ECON7350: Applied Econometrics for Macroeconomics and Finance
Tutorial 6: Cointegration – I
At the end of this tutorial you should be able to:
• Automate the task of unit root testing in multiple time-series samples in R;
Copyright By PowCoder代写 加微信 powcoder
• Implement the Engle-Granger cointegration test in R;
• Interpret the outcome of an Engle-Granger.
• Use the outcome of the Engle-Granger test to infer possible cointegrating relations.
In this tutorial you will test for cointegration using the Engle-Granger method. The data consists of four Australian interest rates: the 5 year (i3y) and 3 year (i3y) Treasury Bond (i.e., Capital Market) rates, along with the 180 day (i180d) and 90 (i90d) day Bank Accepted Bill (i.e., Money Market) rates. The data are annualized monthly rates for the period June 1992—August 2010 (T = 219), and are saved in term_structure.csv.

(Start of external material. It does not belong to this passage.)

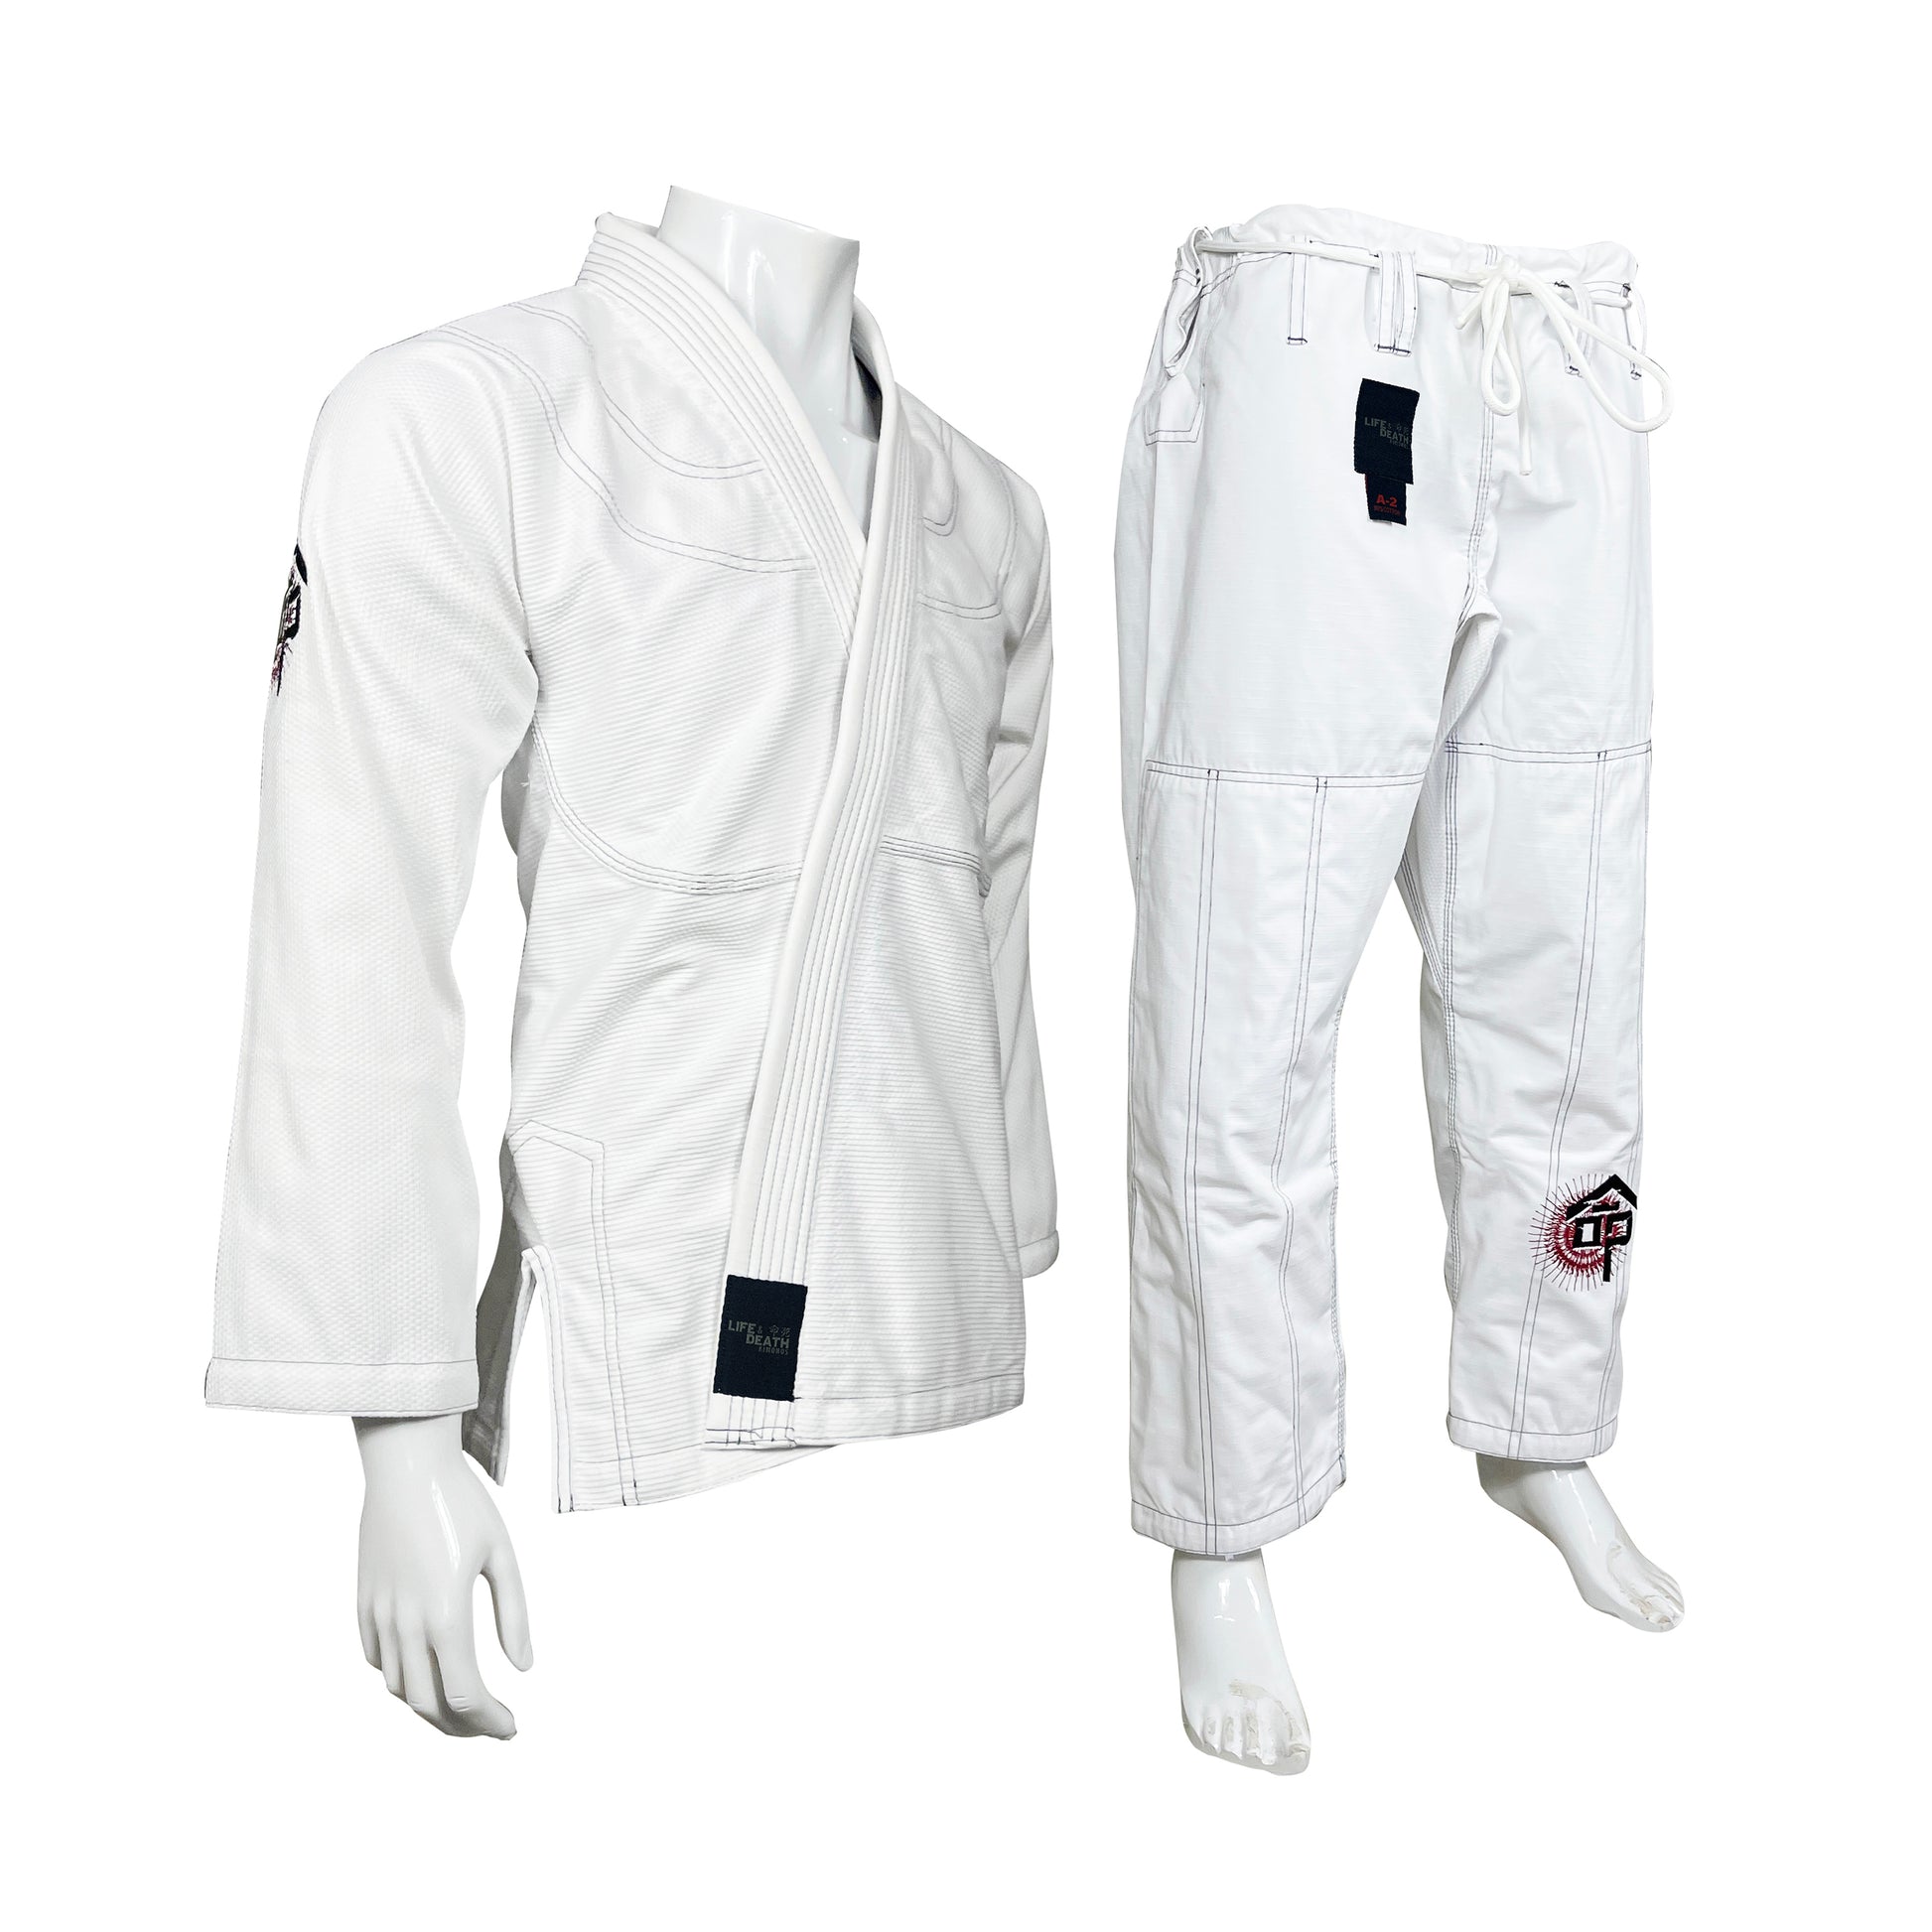 PFG Vital Brazilian Jiu-Jitsu Kimono BJJ Gi Uniform Gi - Kids Adults Unisex  (White Belt Included)

1. Analyse the integration properties of each individual process: {i3yt}, {i5yt}, {i90dt} and {i180dt}. Based on the data, what inference can we draw about each of these processes resembling a unit root process?

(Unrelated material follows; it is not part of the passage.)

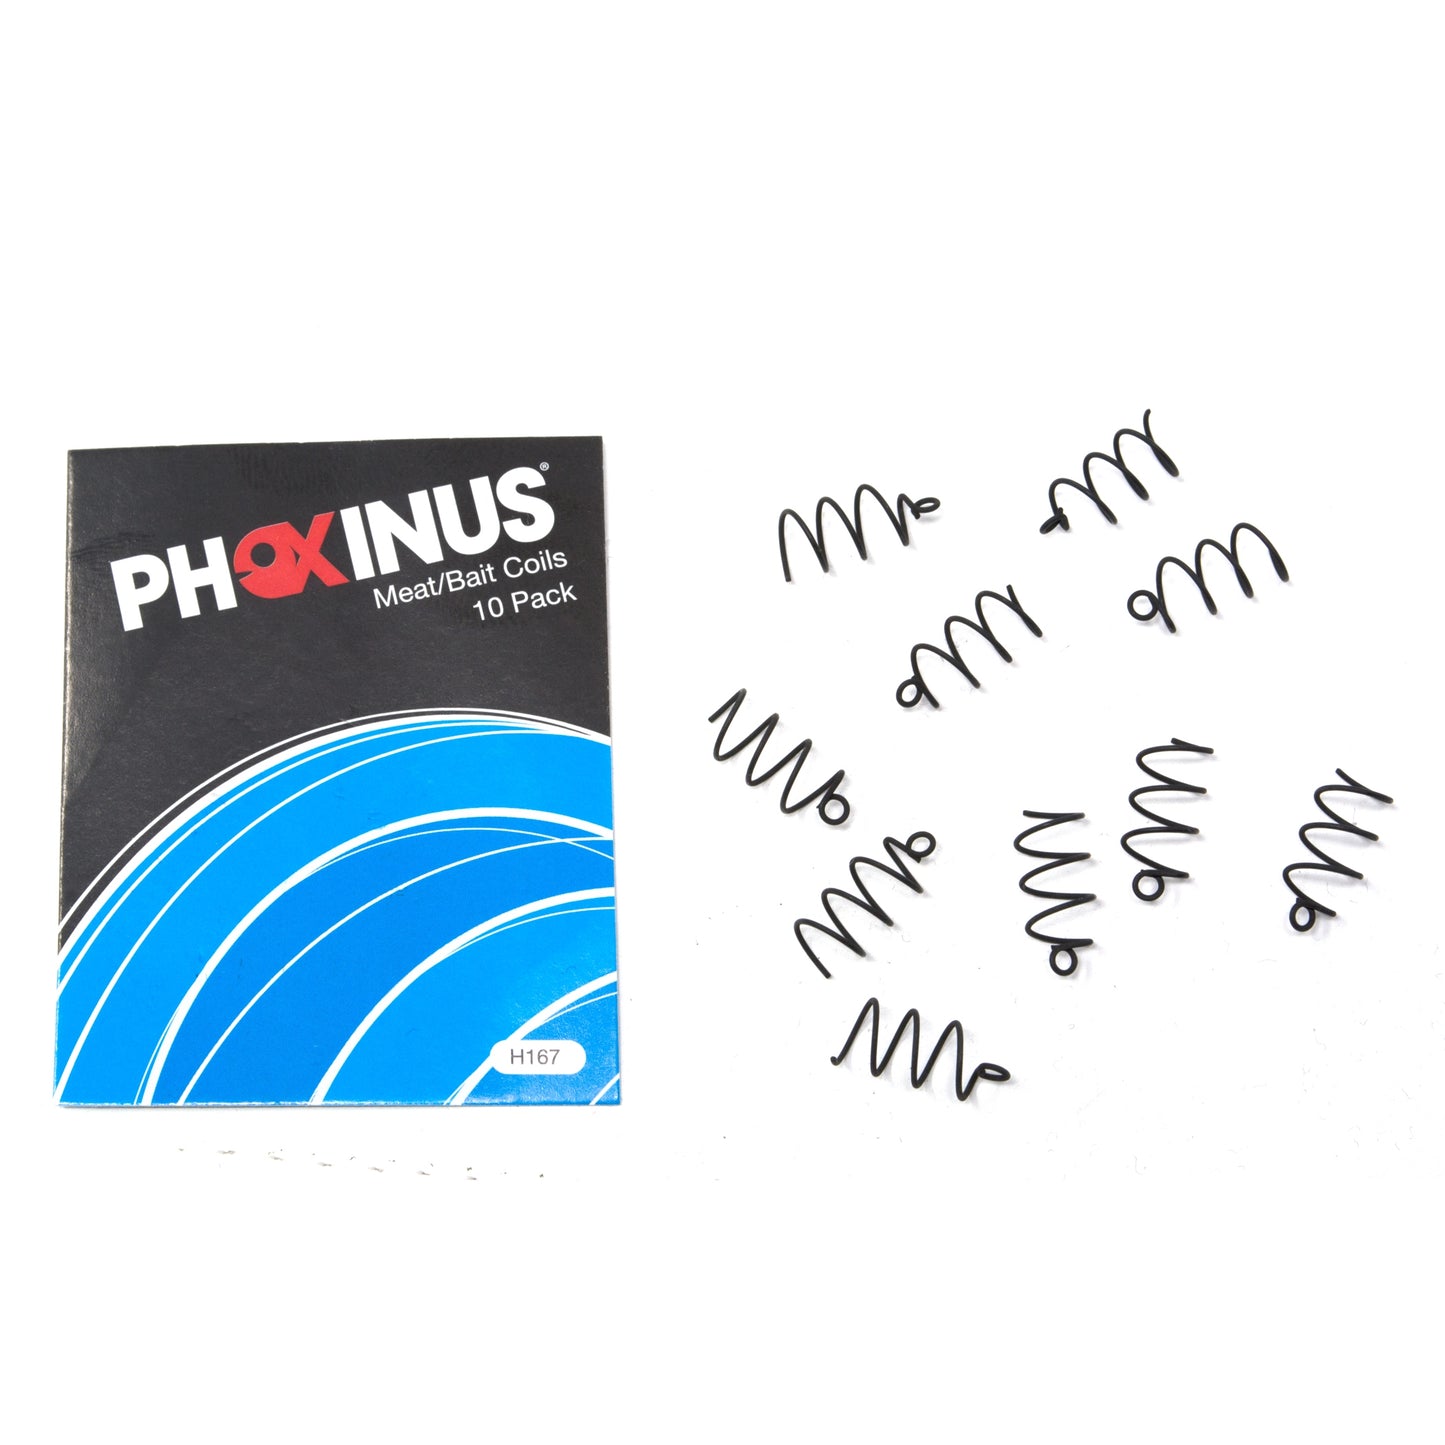 Phoxinus Meat Bait Coil - 10 pack

Solution For this tutorial, we load the following useful packages.
It is also useful to create some functions to help automate the task of constructing adequate sets for ADF specifications. The following two functions estimate the coefficients and record AIC/BIC values for a range of ADF regressions specified by lags combined with the inclusion and/or excludion of a constant and/or trend.
library(forecast)
library(dplyr)
library(zoo)
library(aTSA)
One function performs the estimation in levels, while the other does the same in differences.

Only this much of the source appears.